I agree that it is narrowly technically accurate as a description of researcher motivation. Note that they don’t offer any other explanation elsewhere in the article.
Also note that they also make empirical claims:
The purpose of reinforcement learning is for the agent to learn an optimal, or nearly-optimal, policy that maximizes the “reward function” or other user-provided reinforcement signal that accumulates from the immediate rewards. This is similar to processes that appear to occur in animal psychology...
In some circumstances, animals can learn to engage in behaviors that optimize these rewards.
(I do think that animals care about the reinforcement signals and their tight correlates, to some degree, such that it’s reasonable to gloss it as “animals sometimes optimize rewards.” I more strongly object to conflating what the animals may care about with the mechanistic purpose/description of the RL process.)

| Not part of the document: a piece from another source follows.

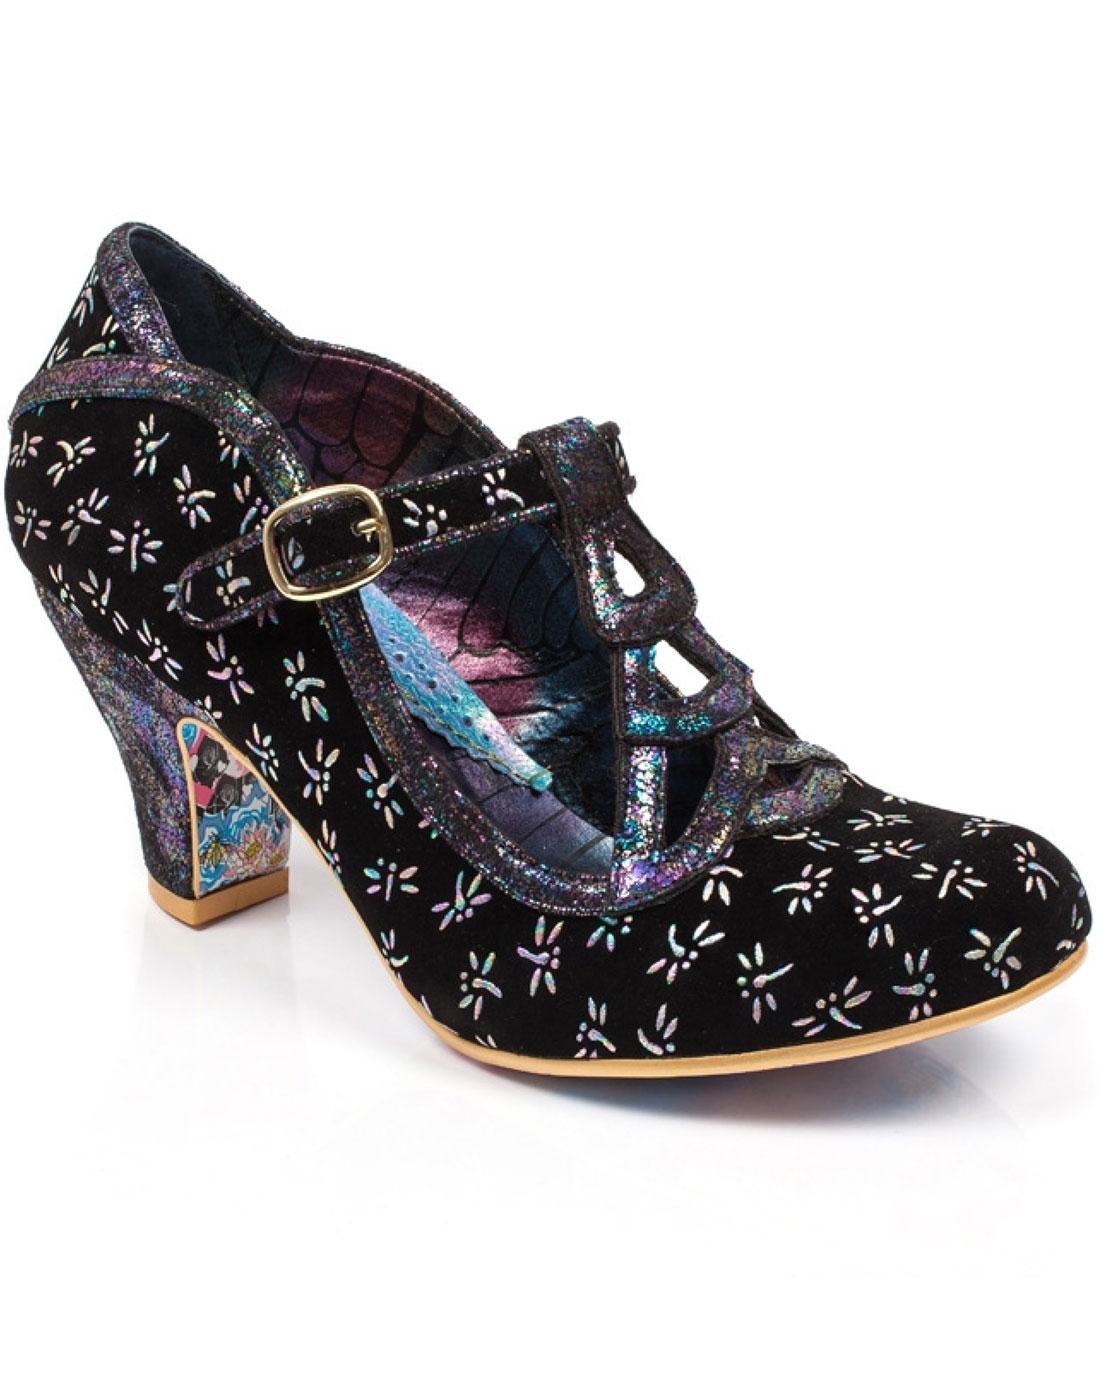 Irregular Choice NEW Nicely Done blue navy dragonfly mid heel shoes sizes 4-9 uk

I agree that it is narrowly technically accurate as a description of researcher motivation. Note that they don’t offer any other explanation elsewhere in the article.
Also note that they also make empirical claims:
Sure. That excerpt is not great.
(I do think that animals care about the reinforcement signals and their tight correlates, to some degree, such that it’s reasonable to gloss it as “animals sometimes optimize rewards.” I more strongly object to conflating what the animals may care about with the mechanistic purpose/description of the RL process.)